In sum, from the previously quoted remarks by 19th century travellers, it may be concluded that the most general point about travel literature (something also confirmed by Sir John Mandeville’s Travels) is that travel is undertaken for a great variety of purposes; the specific purpose involved in a given case is always, to a greater or lesser degree, determinant of what is noted or considered noteworthy. Consequently, the attention paid by the writer of a travel book is always ideological. A traveller usually comes from somewhere - from a country from a language community, class - and consciously writes the record of his journey for a particular public in the country he came from.10


1. As quoted in BALLANTINE, J. The Life of David Roberts, R.A. Compiled from his journals and other sources, Edinburgh, 1986, pp. 104-5.

2. KABBANI, R. Europe’s Myths of the Orient, Macmillan, London, 1986, p.1.

3. ANDERSON. D. Miss Irby and her Friends, Hutchinson, London, 1966, pp. 52-3.

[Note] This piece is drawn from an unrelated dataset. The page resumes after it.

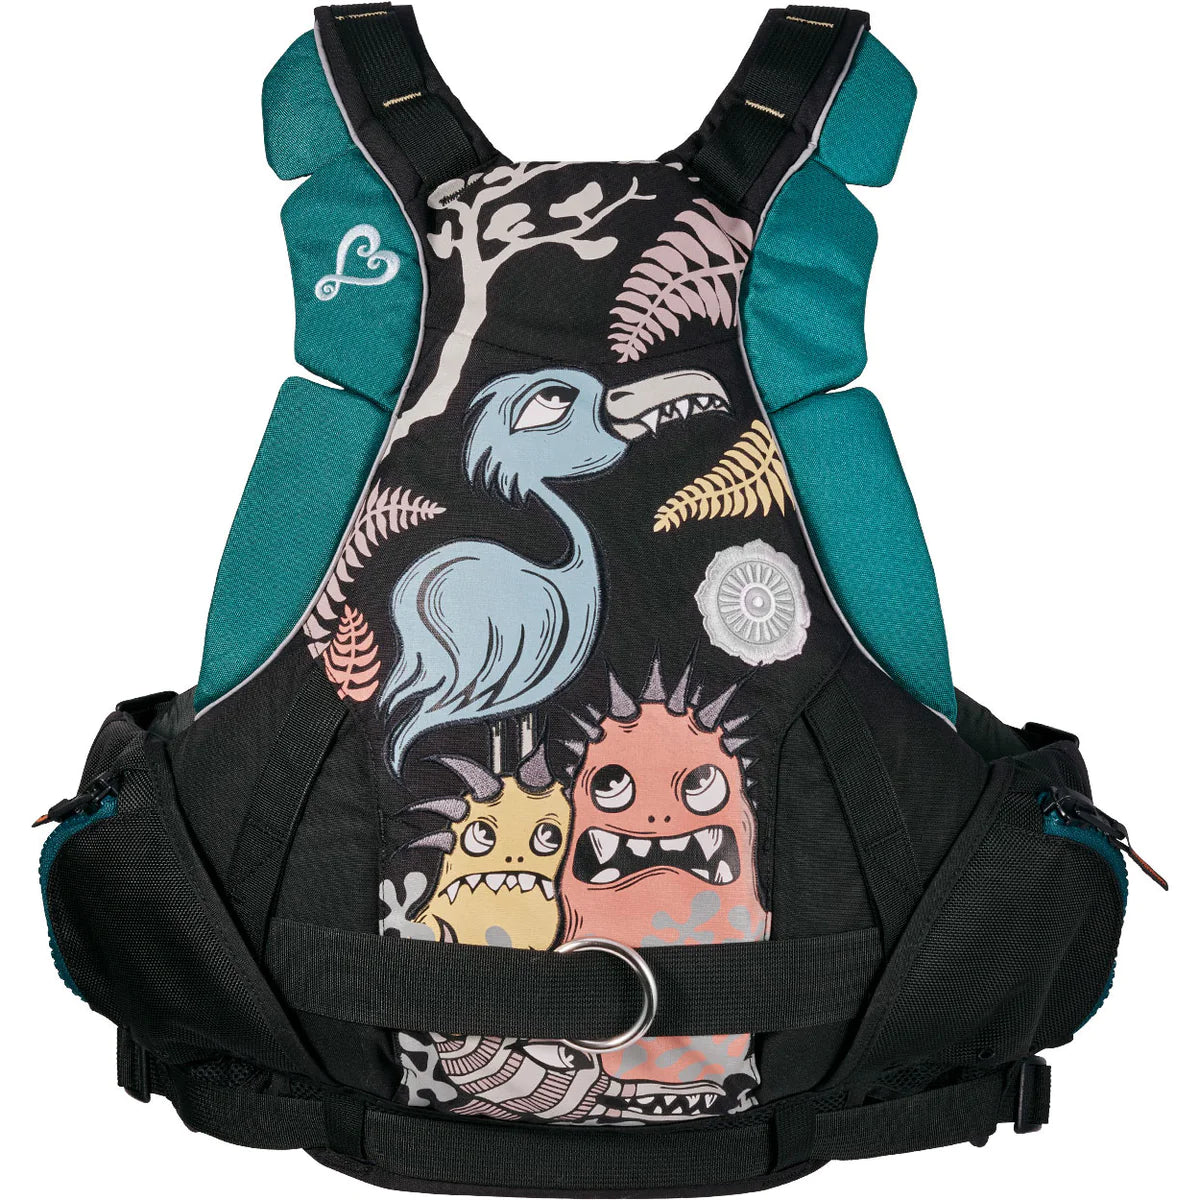 Astral GreenJacket PFD - Limited Edition 2023 Wild Things
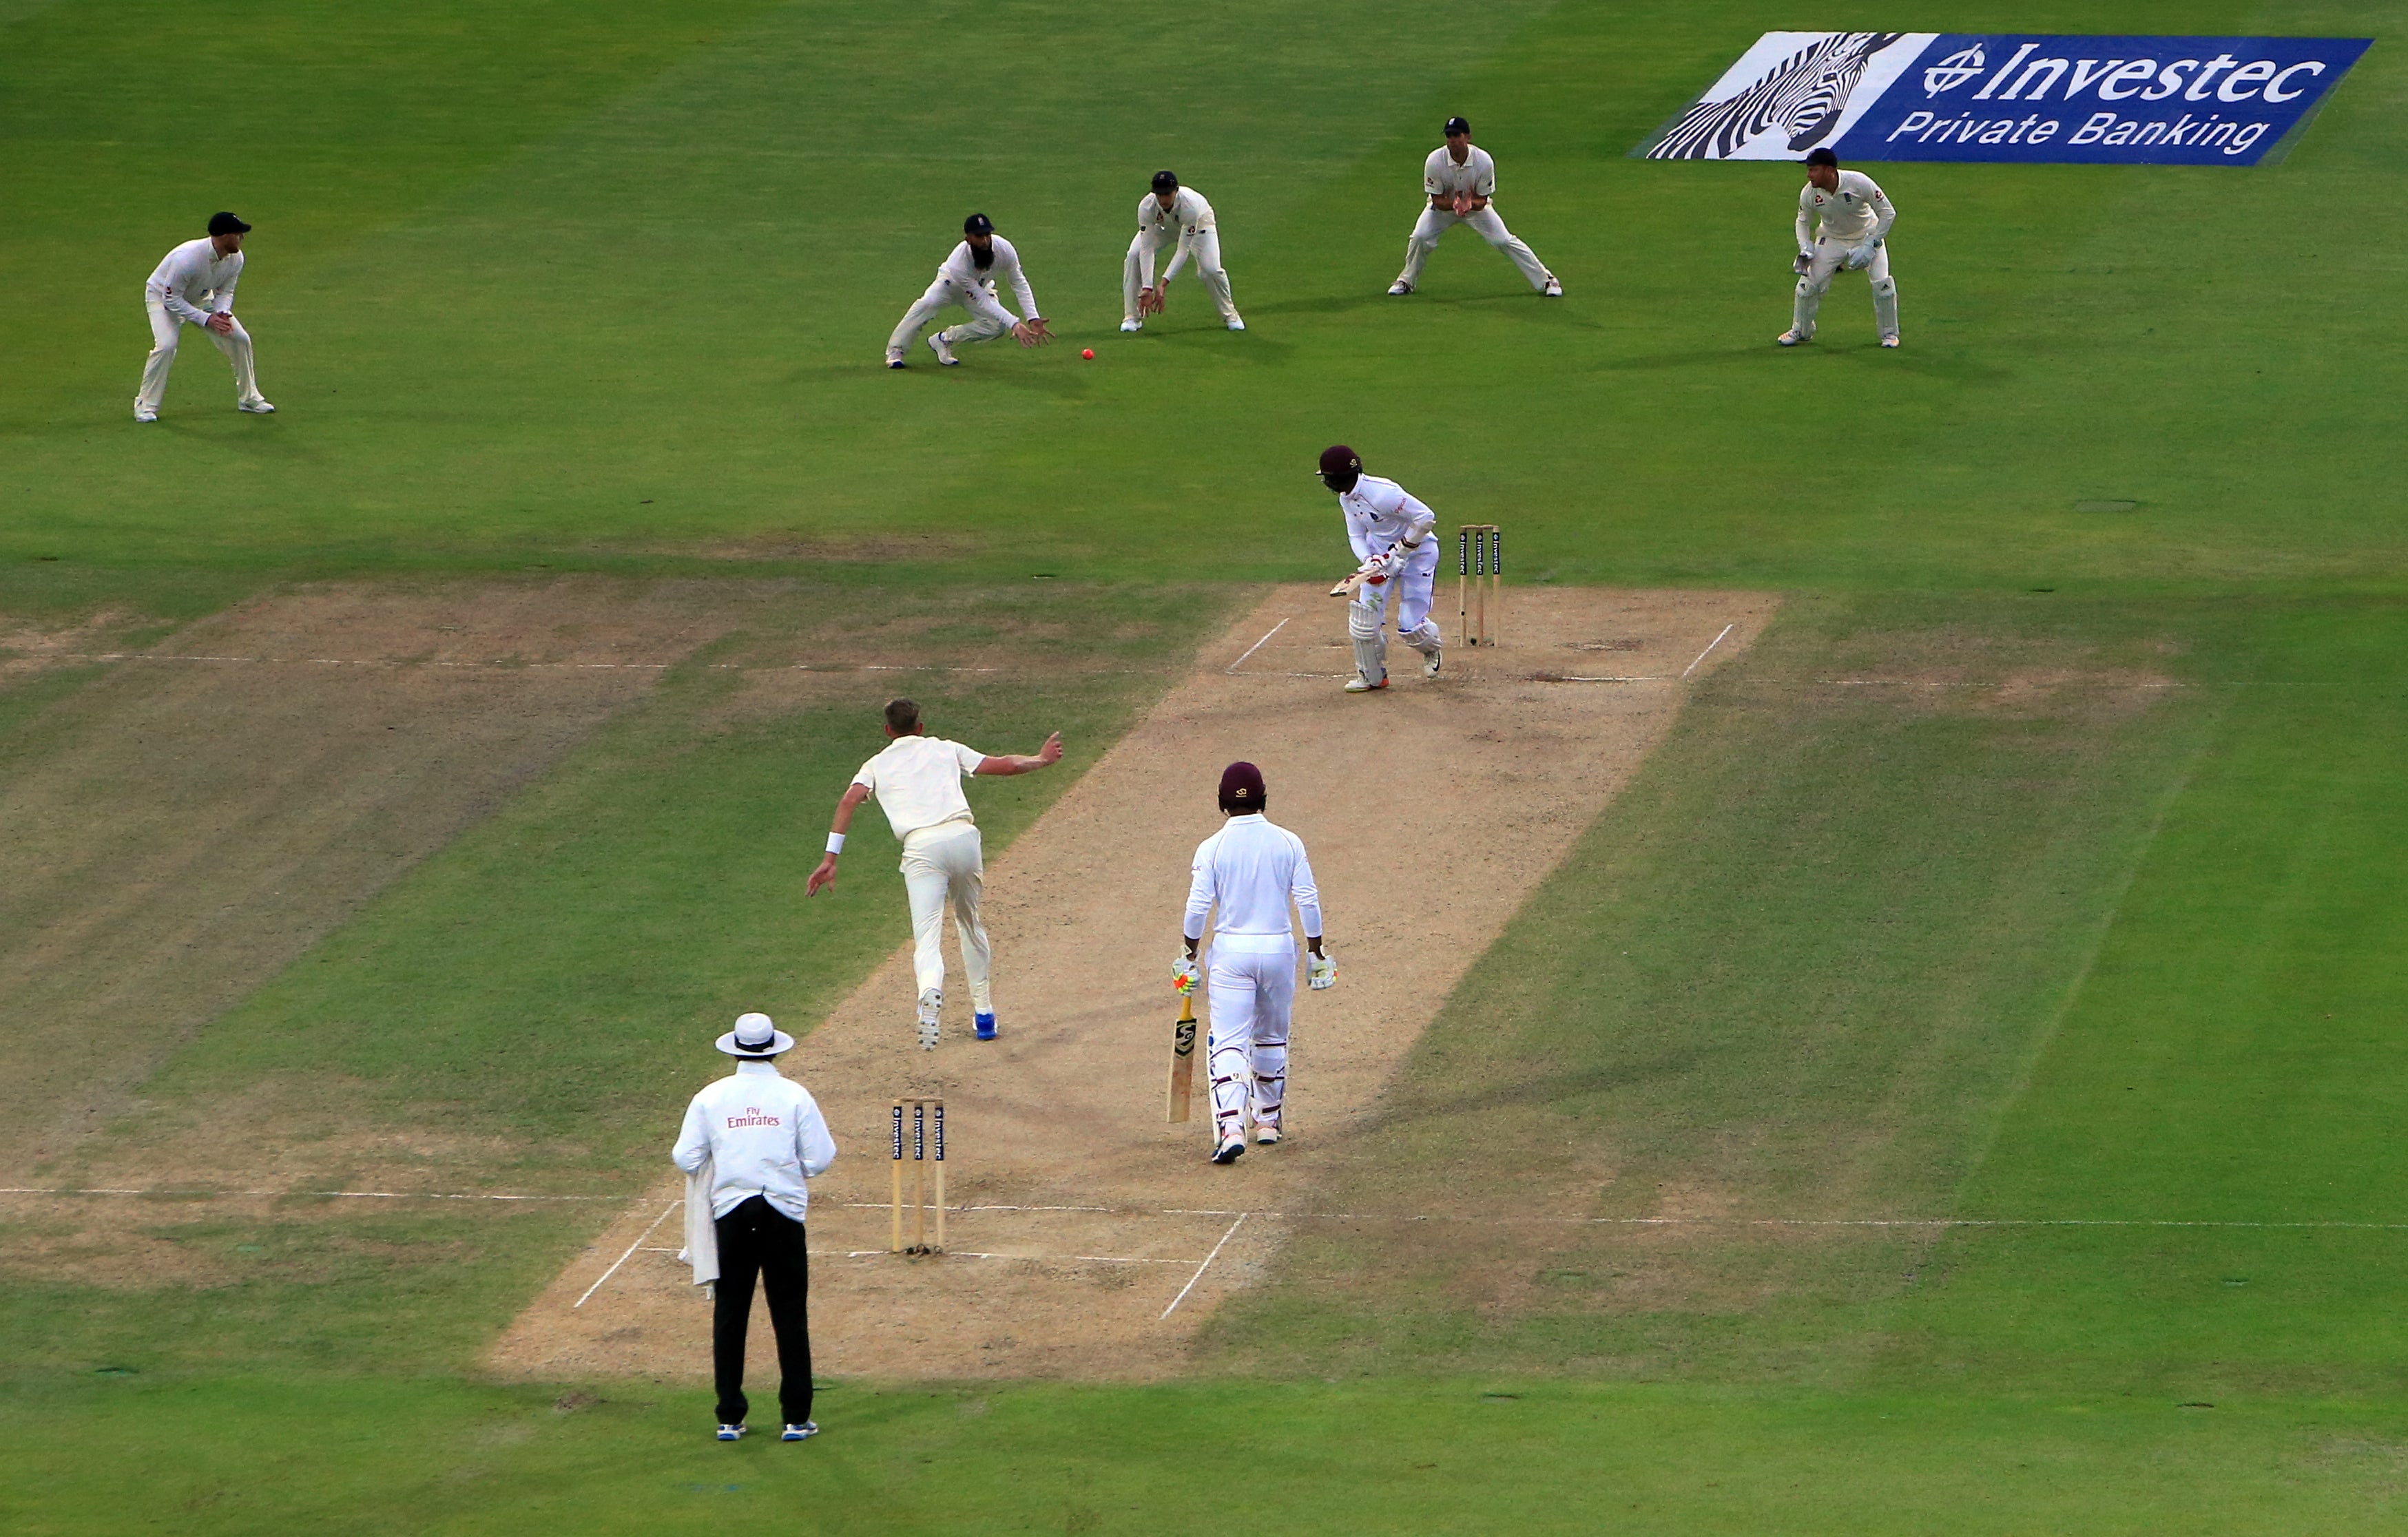 England demolished West Indies in the first ever day-night test in this country (Nick Potts/PA)

4. HAMMANI, R. and RIEKER, M. ‘Feminst Orientalism and Orientalist Marxism’, New Left Review, 170, 1988, p. 93.

5. SZYLIOWICZ, I. L. Pierre Loti and the Oriental Woman, Macmillan, London, 1988, pp.1-3.

6. ibid.

7. ‘Et je dis avec eux, mais non sans inquietude: out ouvrez toutes les cages ouvrez tous les harems. Cependant ne les ouvrez pas trop vite, de peur que les jeunes piseaux prisonniers...’ P. Loti ‘La Femme Turque in Quelques aspect du vertige mondial, Ernest Flammarion, Paris, 1917, p. 182.

8. SZYLIOWICZ, p. 3.

9. ibid, p. 12.

10. PARKER, D. ‘Orientalism and its Problems’ in BOOLE, F. (ed.) The Politics of Theory, University of Essex, John Fletcher.